La baisse de l’euro face au dinar algérien s’est poursuivie ce lundi 9 février 2026 sur le marché noir des devises. La tendance, amorcée depuis plusieurs jours, se confirme à l’approche du mois de Ramadhan. Les cambistes observent un recul progressif des cours, porté par un affaiblissement de la demande et une hausse parallèle de l’offre.
Sur le marché noir, le billet de 100 euros s’échange désormais contre 28 100 dinars à la vente. Cela représente une baisse de 50 dinars par rapport à la cotation de la veille. Par ailleurs, le recul atteint 150 dinars comparé au pic annuel enregistré au début du mois de février. Cette correction place l’euro sur une trajectoire descendante après plusieurs semaines de relative stabilité.

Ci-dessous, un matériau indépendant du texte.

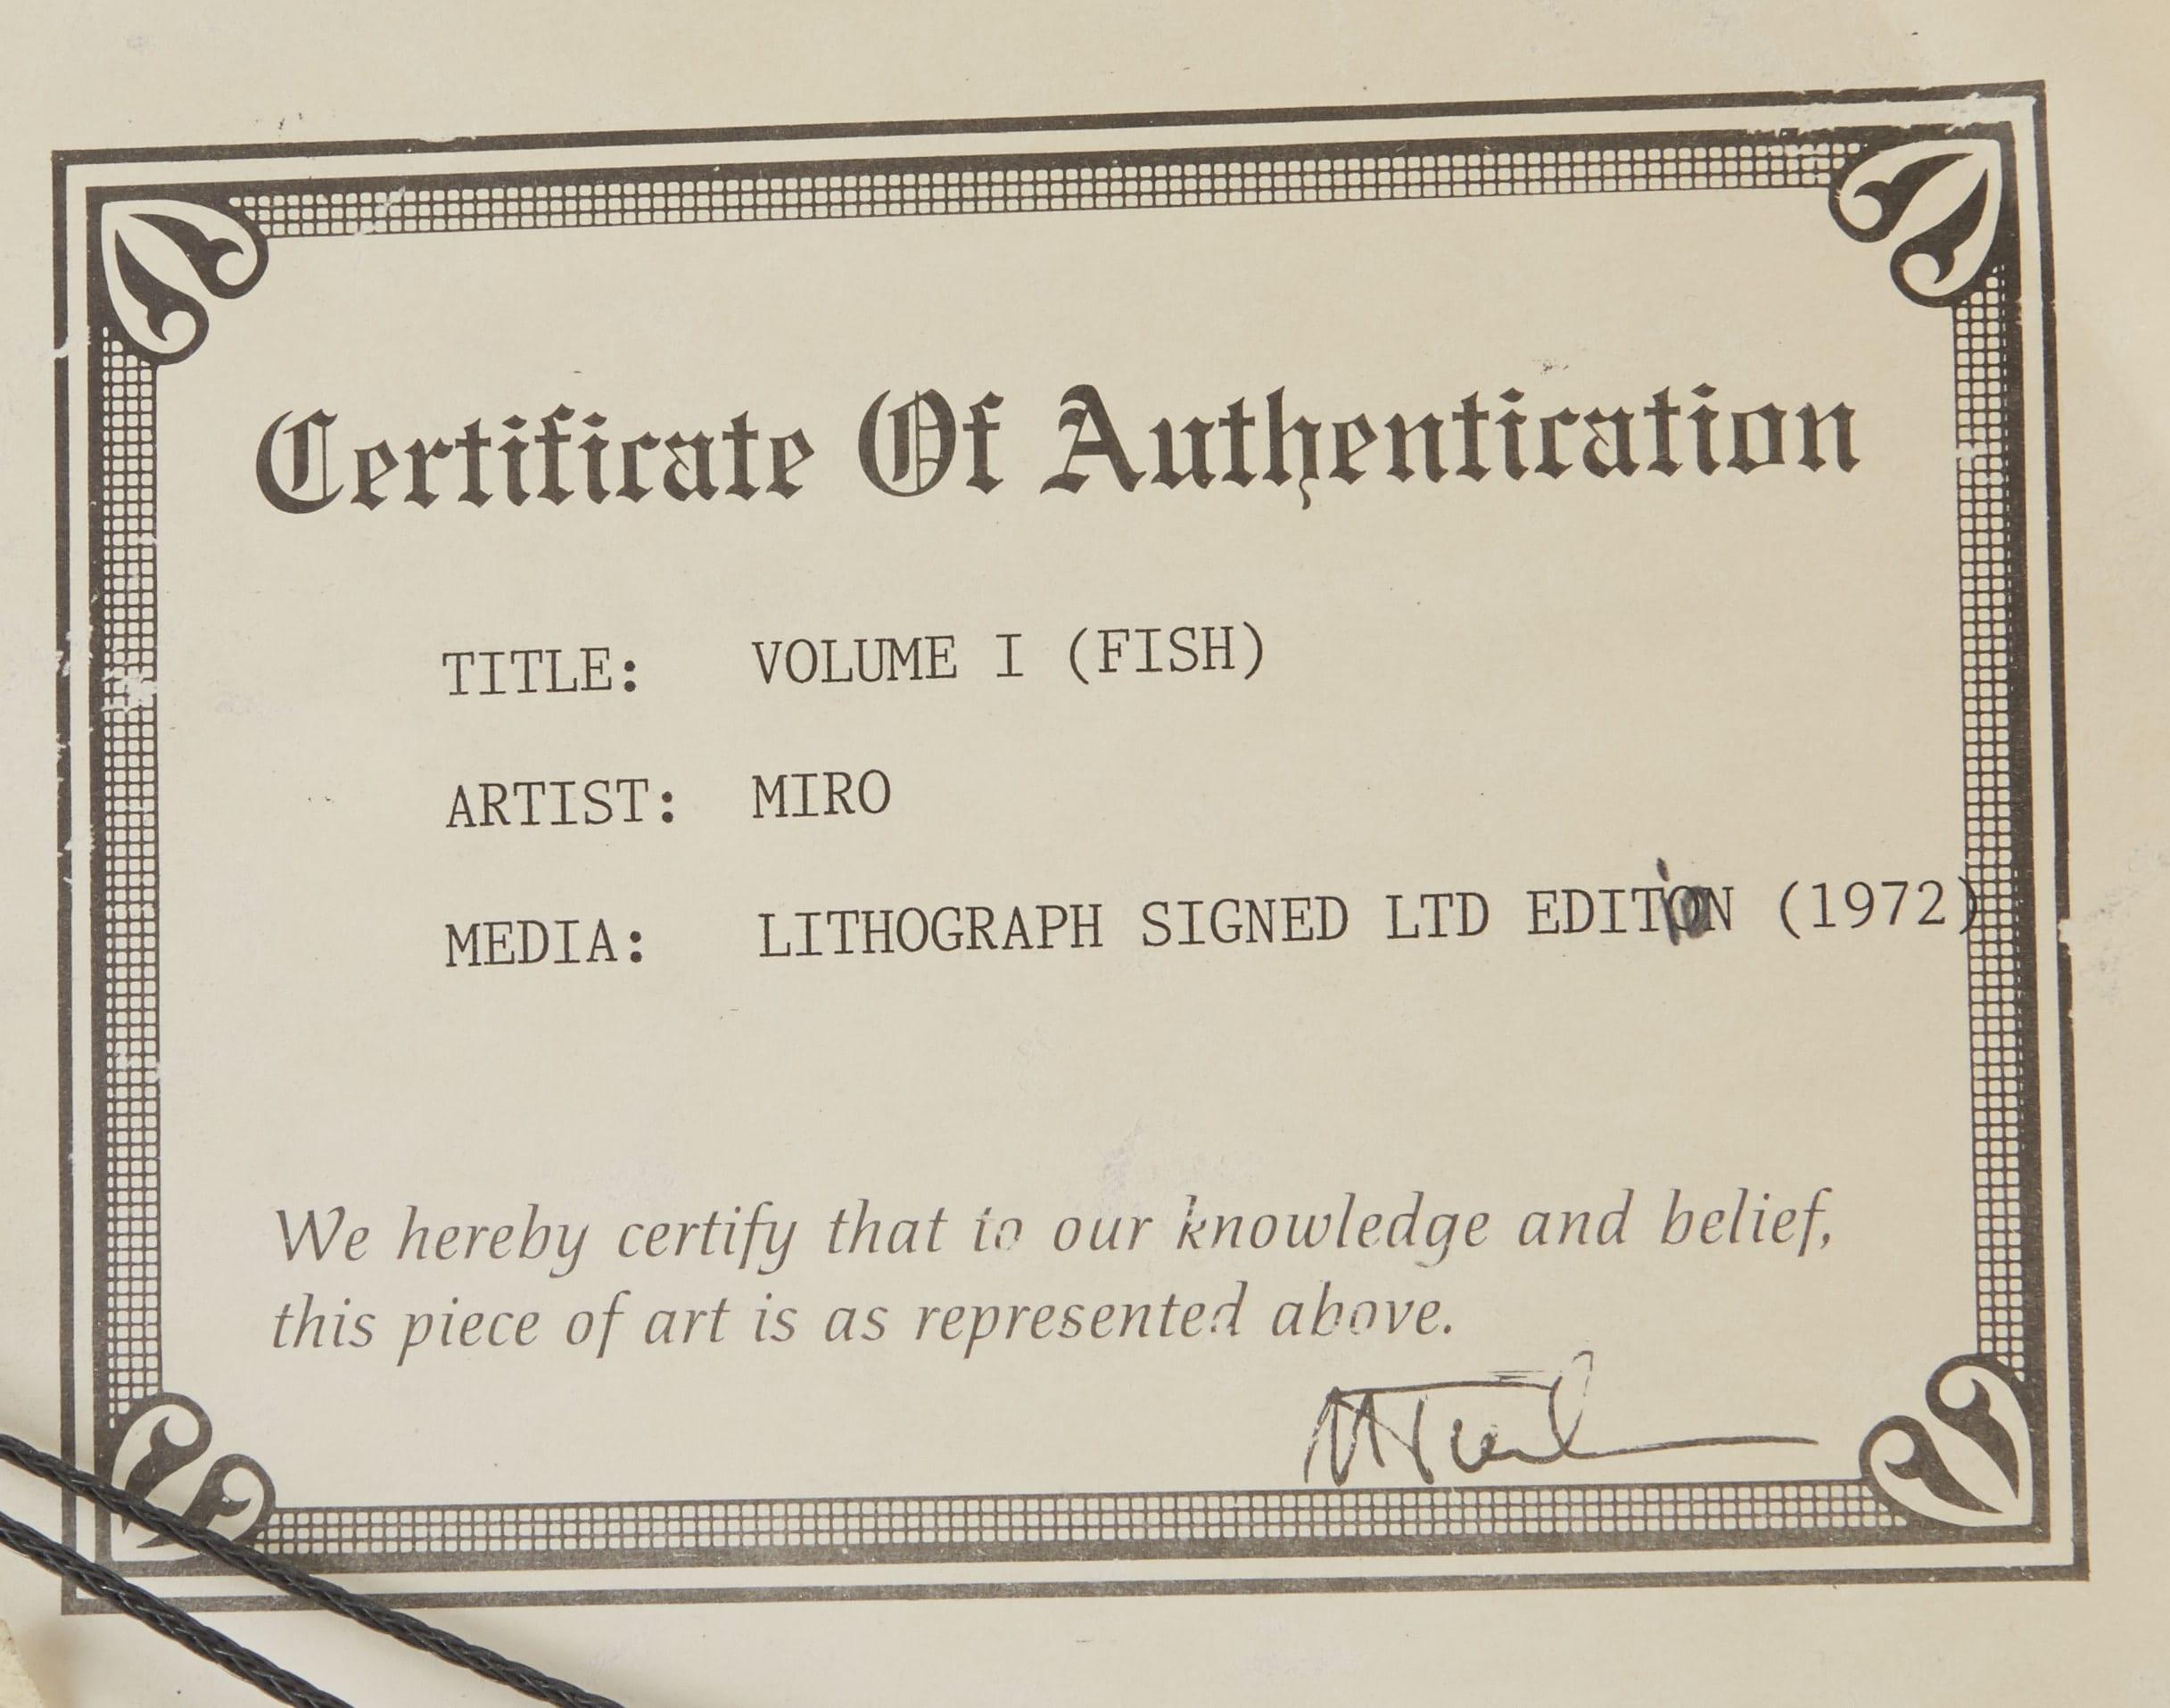 Lot 241: Joan Miro Volume 1 Fish Lithograph

Pour l’achat, la même coupure est reprise par les cambistes à 27 800 dinars. L’écart entre les prix d’achat et de vente reste contenu. Toutefois, il traduit un climat d’attentisme chez les acteurs du marché noir, qui anticipent une poursuite de la baisse à court terme.
Les raisons de la baisse
Cette évolution s’explique principalement par l’effet Ramadhan. Le début du mois sacré est attendu le 18 ou le 19 février 2026, selon l’observation du croissant lunaire. Historiquement, cette période s’accompagne d’un ralentissement marqué de la demande en devises. Les Algériens évitent de voyager pendant le Ramadhan. Par conséquent, les besoins en euros reculent dès les jours précédant le mois sacré.
En parallèle, l’offre progresse sur le marché noir. Le Ramadhan coïncide avec le retour au pays de nombreux membres de la communauté nationale établie à l’étranger. Ils arrivent avec des devises qu’ils échangent pour couvrir leurs dépenses locales. Ce flux supplémentaire exerce une pression directe sur les cours.
Ainsi, la combinaison d’une demande en baisse et d’une offre en hausse tire mécaniquement les prix vers le bas. Tant que cette configuration persiste, l’euro restera sous pression sur le marché noir des devises.
Enfin, les cambistes restent prudents. Une stabilisation est possible après les premières semaines du Ramadhan. Toutefois, une poursuite de la baisse n’est pas exclue si l’afflux de devises se confirme. Le marché noir reste, à ce stade, clairement orienté à la baisse.